General Guidance for All Tasks¶

• Always validate against the brute-force oracle first. Every counting/longest task above ships with (or references) a slow center-expansion oracle. Run it on small n, diff, and only then trust Manacher on large n.
• Cap the mirror copy. The single most important line is p[i] = min(r - i, p[2*c - i]). Dropping the cap passes many random tests but fails on overlapping palindromes.
• Pin the recovery formula. Original start = (center - radius) / 2, length = radius. Verify it on "abba" in a test.
• Get s == "" right. The transform of the empty string is "#"; p = [0]; the longest palindrome is "".
• Mind overflow. The all-occurrence count is Θ(n²) in magnitude — accumulate in 64-bit.
• Handle Unicode when the input is not guaranteed ASCII: run over code points, not bytes (Task 11).
• Never use Manacher for distinct counts or subsequence palindromes. Distinct → eertree (sibling 14); subsequence → a separate O(n²) DP.
• Reuse the core scan. Most bugs live in the radius computation; write it once, test it hard, and read p[] for every downstream query.
• Update the box every iteration. After the expansion loop, if i + p[i] > r: c, r = i, i + p[i]. Forgetting this leaves a stale box that corrupts later mirror copies.
• Use sentinels in production code. Wrapping t with ^ … $ removes the inner-loop bounds checks and a class of off-by-one bugs.

The Core Scan Reference (all three languages)¶

Every task above builds on the same radius-array computation.
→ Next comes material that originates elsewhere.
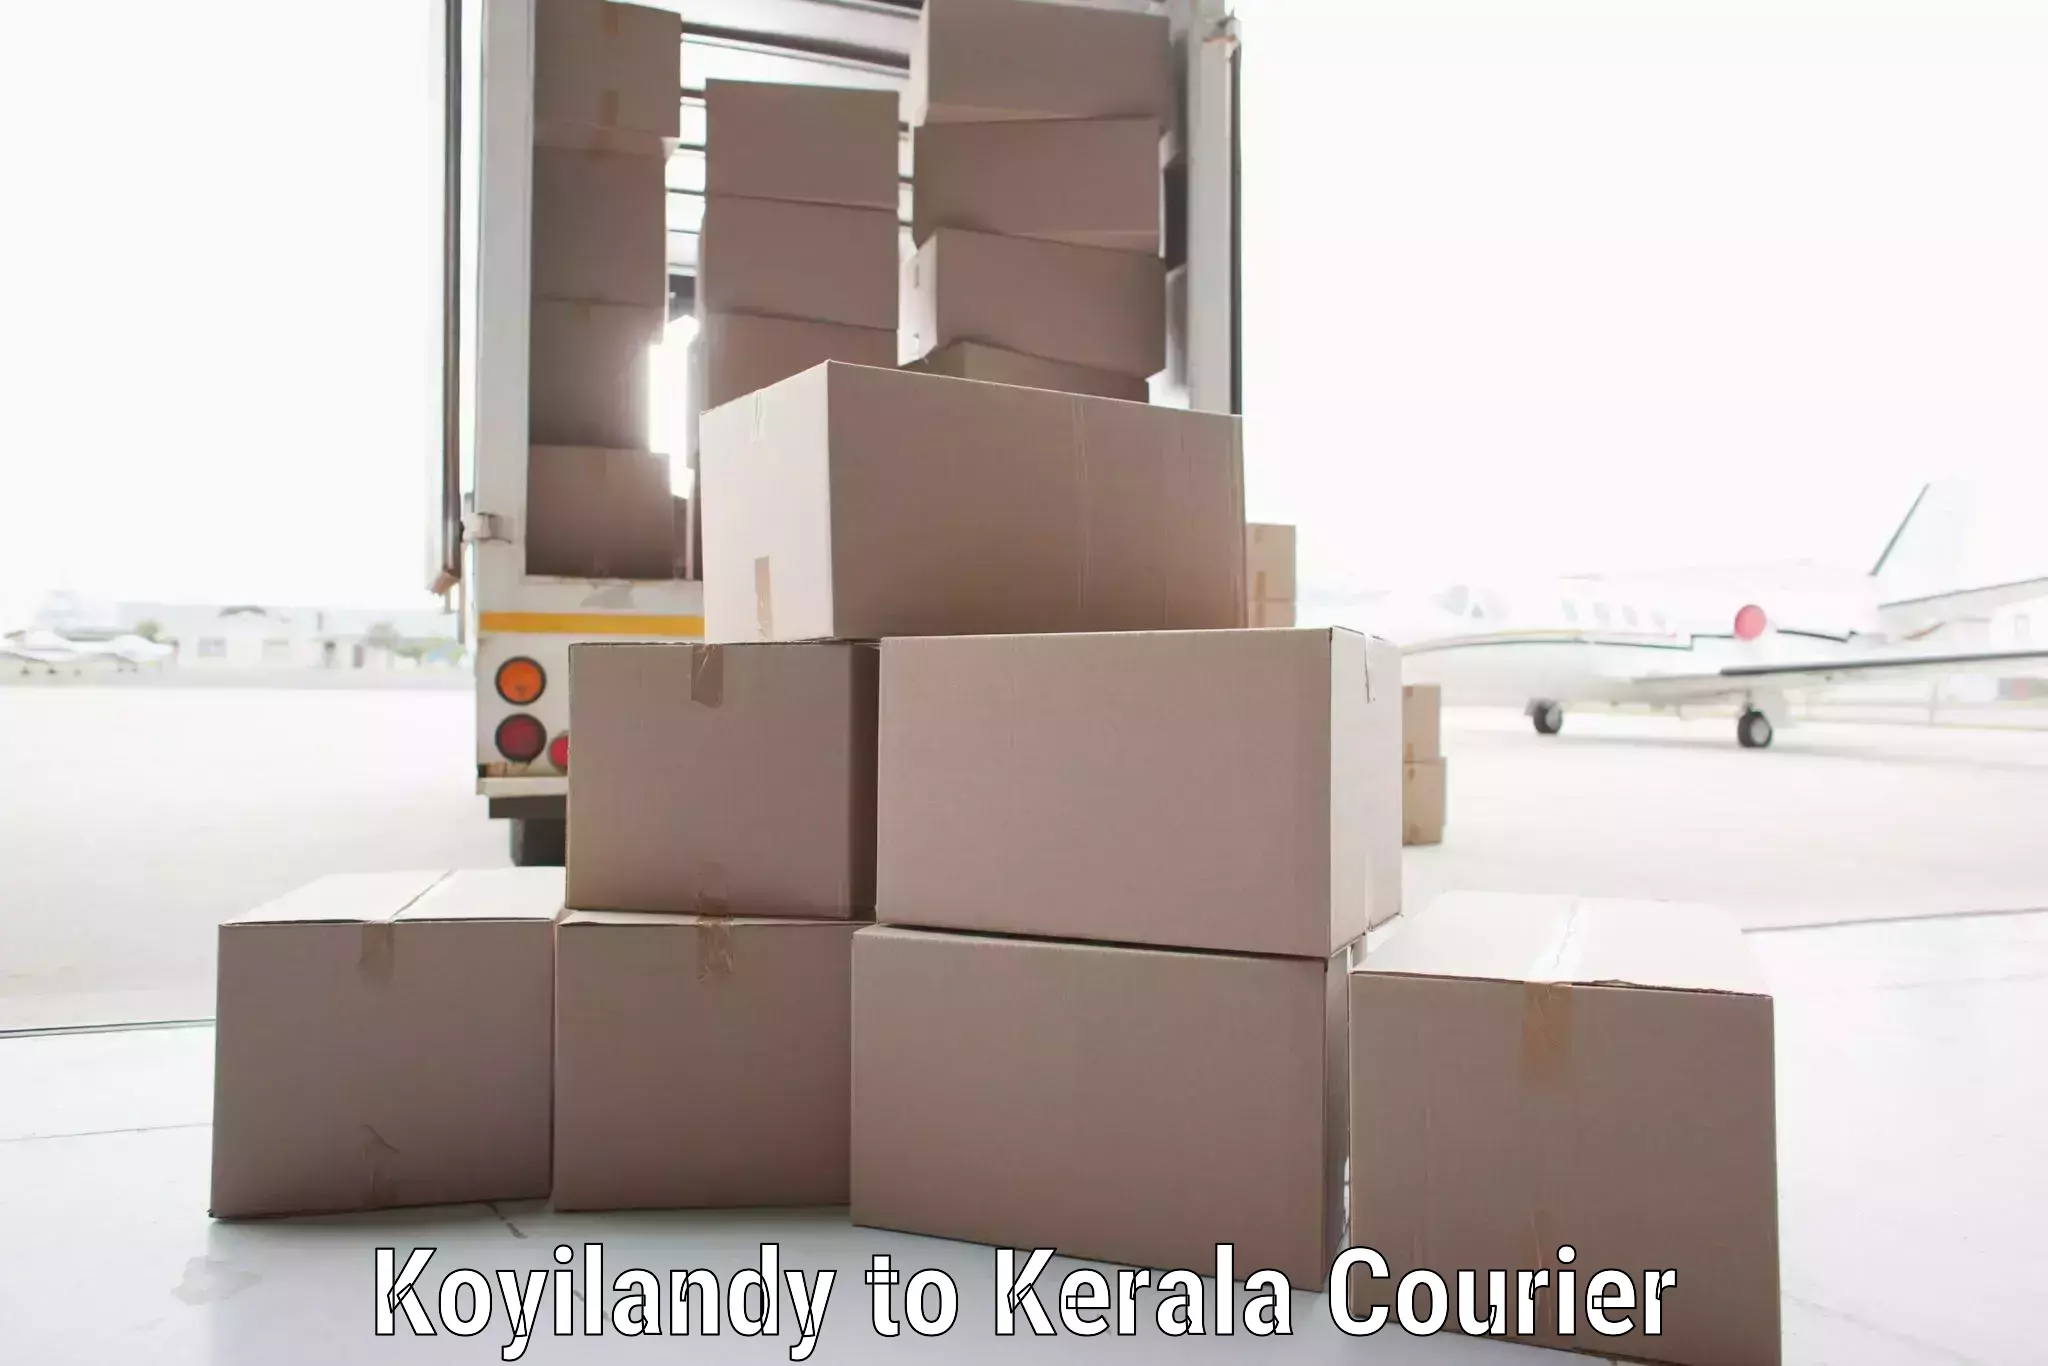 Courier app Koyilandy to Thrissur

Keep this reference handy and parameterize the rest.

Python.

def manacher(s):
    t = "#" + "#".join(s) + "#"
    n = len(t)
    p = [0] * n
    c = r = 0
    for i in range(n):
        if i < r:
            p[i] = min(r - i, p[2 * c - i])
        while (i - p[i] - 1 >= 0 and i + p[i] + 1 < n
               and t[i - p[i] - 1] == t[i + p[i] + 1]):
            p[i] += 1
        if i + p[i] > r:
            c, r = i, i + p[i]
    return p, t

Go.

func manacher(s string) []int {
    t := "#"
    for i := 0; i < len(s); i++ {
        t += string(s[i]) + "#"
    }
    n := len(t)
    p := make([]int, n)
    c, r := 0, 0
    for i := 0; i < n; i++ {
        if i < r {
            if m := 2*c - i; r-i < p[m] {
                p[i] = r - i
            } else {
                p[i] = p[m]
            }
        }
        for i-p[i]-1 >= 0 && i+p[i]+1 < n && t[i-p[i]-1] == t[i+p[i]+1] {
            p[i]++
        }
        if i+p[i] > r {
            c, r = i, i+p[i]
        }
    }
    return p
}

Java.

static int[] manacher(String s) {
    StringBuilder b = new StringBuilder("#");
    for (int i = 0; i < s.length(); i++) b.append(s.charAt(i)).append('#');
    char[] t = b.toString().toCharArray();
    int n = t.length;
    int[] p = new int[n];
    int c = 0, r = 0;
    for (int i = 0; i < n; i++) {
        if (i < r) p[i] = Math.min(r - i, p[2 * c - i]);
        while (i - p[i] - 1 >= 0 && i + p[i] + 1 < n
                && t[i - p[i] - 1] == t[i + p[i] + 1]) p[i]++;
        if (i + p[i] > r) { c = i; r = i + p[i]; }
    }
    return p;
}

Each task must be implemented and tested in Go, Java, and Python, with identical outputs across all three on the same seeded inputs.